Work item
Write the data out again exactly, dropping any images it holds.

Given material
********
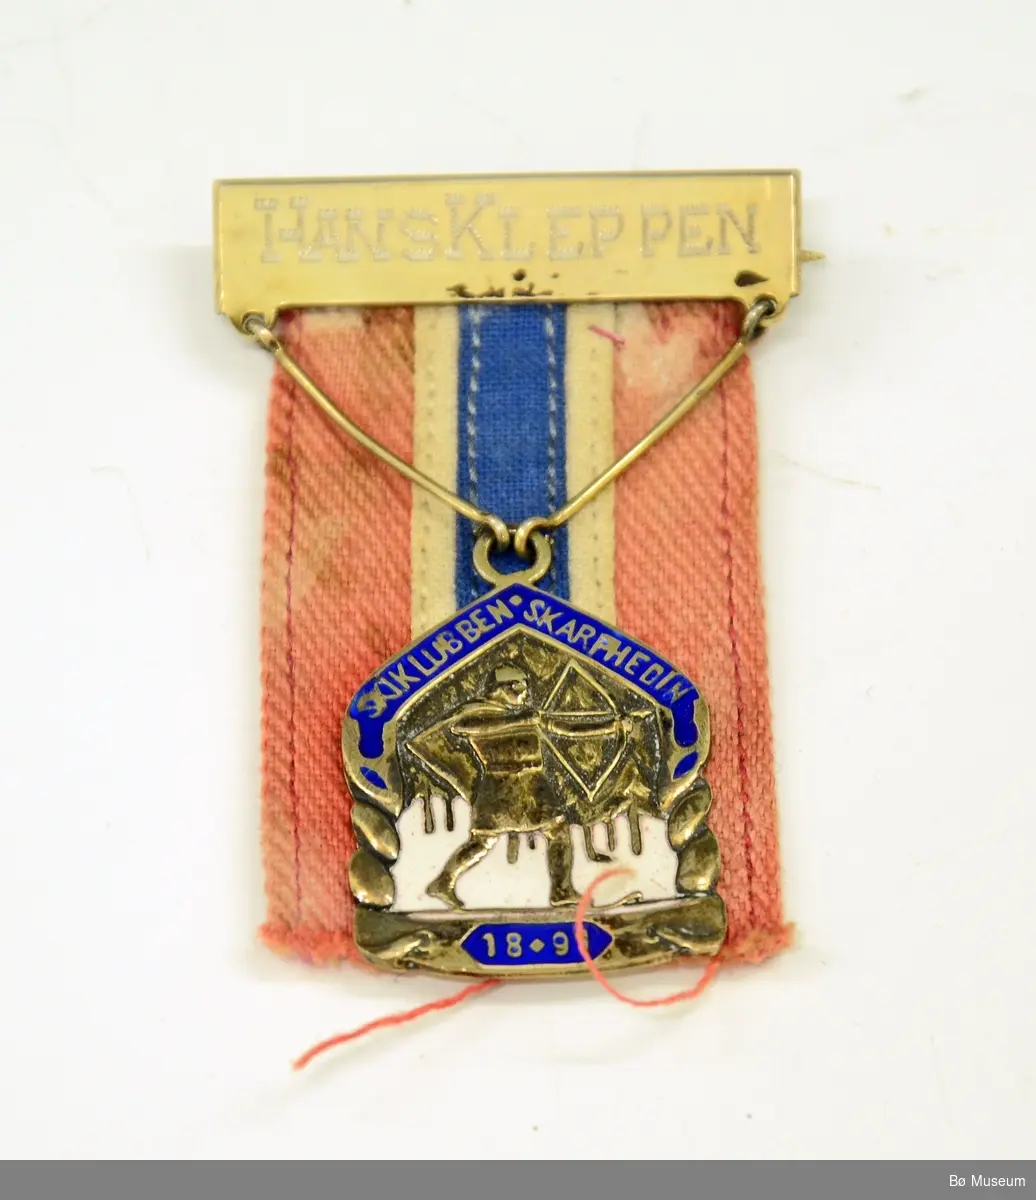 Medalje med innskrift:
HANS KLEPPEN
og SKIKLUBBEN SKARPHEDINS (1891) merke/logo
Bånd i rødt, hvitt og blått, svært falmet og gulnet.
********
Result of this task
 Medalje med innskrift:
HANS KLEPPEN
og SKIKLUBBEN SKARPHEDINS (1891) merke/logo
Bånd i rødt, hvitt og blått, svært falmet og gulnet.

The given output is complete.